An industrial computer vision company providing precision agriculture solutions to indoor growers, has raised USD$7 million in an oversubscribed Series A financing led by S2G Ventures and Ceres Partners.
iUNU stated it is transforming the way indoor growers do business by harnessing the power of computer vision through its product offering, LUNA. The LUNA platform delivers a system of mobile and fixed cameras with high definition imaging and environmental sensors that measure and record everything down to the real-time growth rate of each plant.
The software combines computer vision and machine learning technologies to continuously build detailed models of individual plants, unique among millions, throughout the day. LUNA detects even the most minute changes in health of individual plants, giving growers precise knowledge needed for proactive management. LUNA uses this insight to drive margin for growers through crop monitoring/forecasting, space utilization, and labour planning – while giving increased pricing leverage to the sales team.

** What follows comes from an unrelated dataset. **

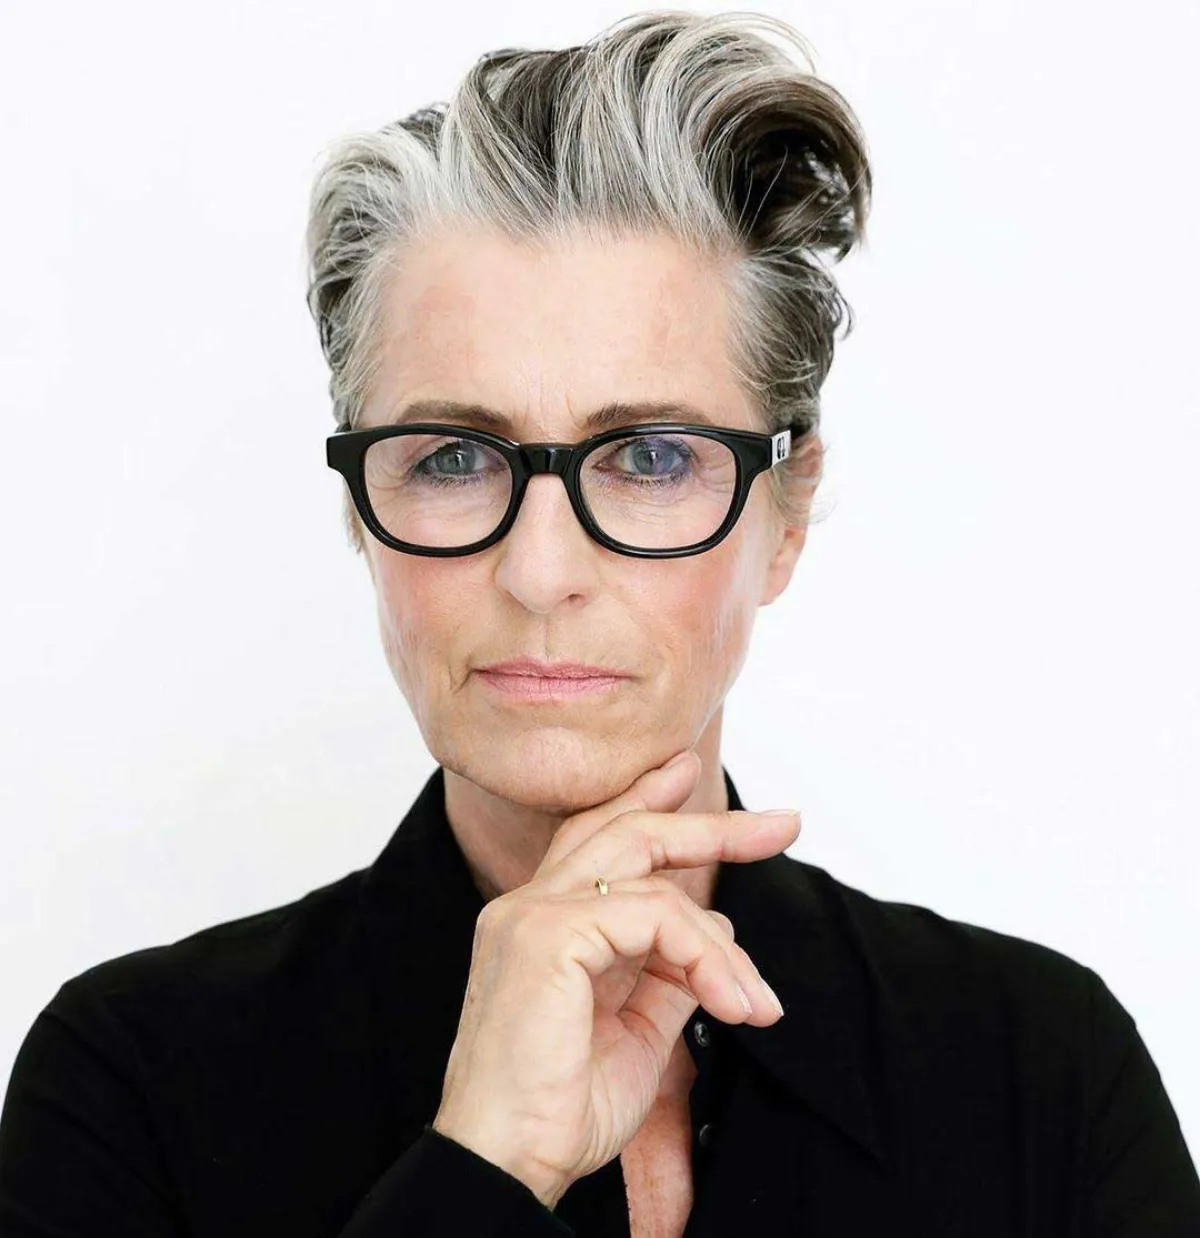 coupe de cheveux femme 50 ans avec lunettesfemme cheveux gris

According to iUNU, greenhouse production is experiencing significant growth. In North America, the greenhouse fruit and vegetable market is growing more than 20 percent annually. As greenhouses expand their square footage to meet demand, however, labour shortages and rising labour costs pose challenges for growers.

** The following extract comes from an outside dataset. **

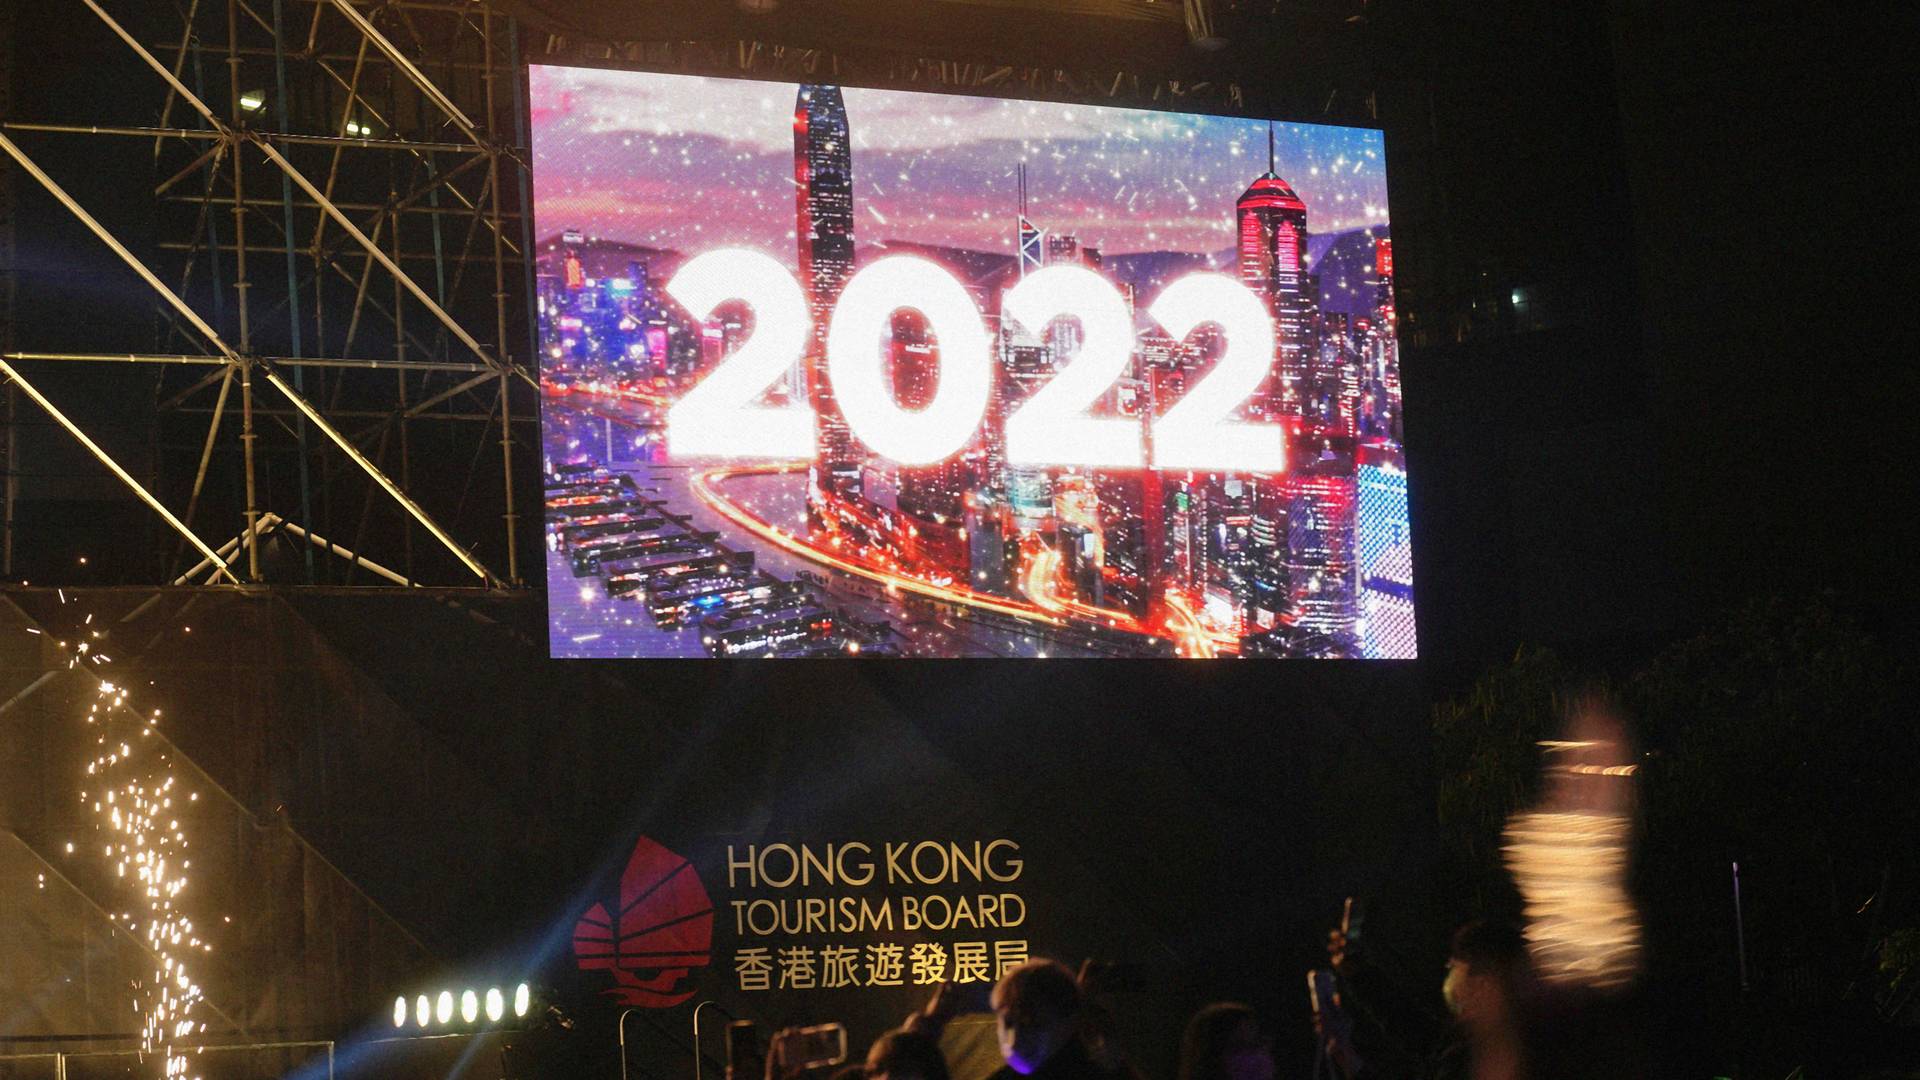 Mi lesz 2022-ben? Ezek az idei év legfontosabb eseményei

"Our communities are under-greenhoused,” said Adam Greenberg, CEO and founder of iUNU. “Rising consumer demand is accelerating the growth of the greenhouse industry, but the massive shortage of both growers and manual labour requires a scalable machine vision solution to further the supply."

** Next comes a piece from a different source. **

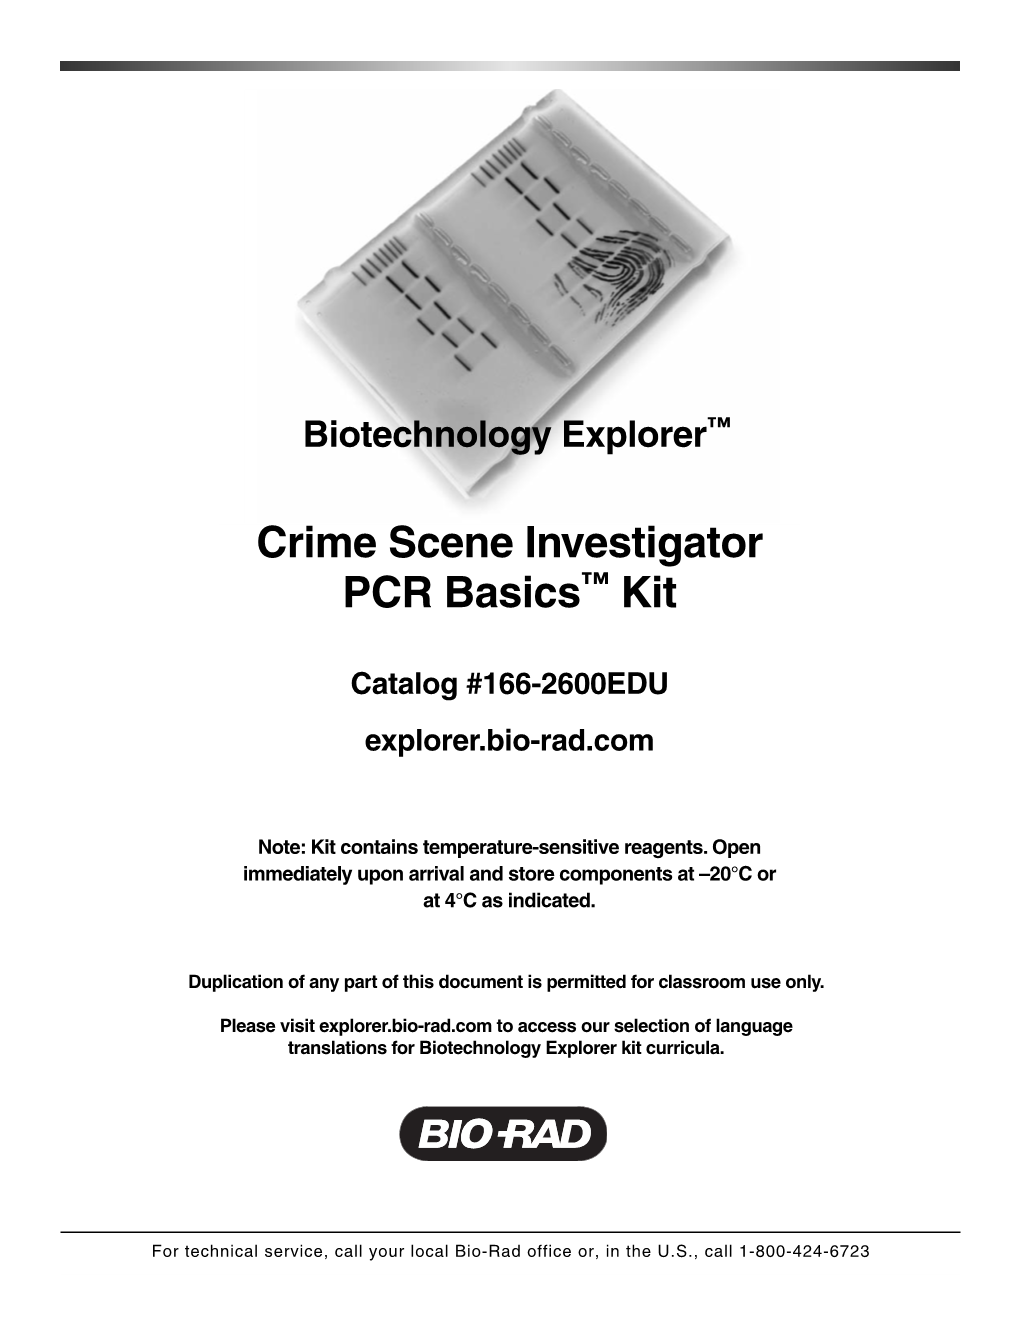 Crime Scene Investigator PCR Basics™ Kit

The LUNA system surpassed one billion square feet of greenhouse analysis in 2019. As a result, achieving and desired outcomes for customers has become both more precise and faster. The company maintains the LUNA system has the most extensive knowledge from imaging on the market. While each grower using the LUNA platform owns their own imagery, the constant growth of the volume of imaging drives the machine learning and value the system provides.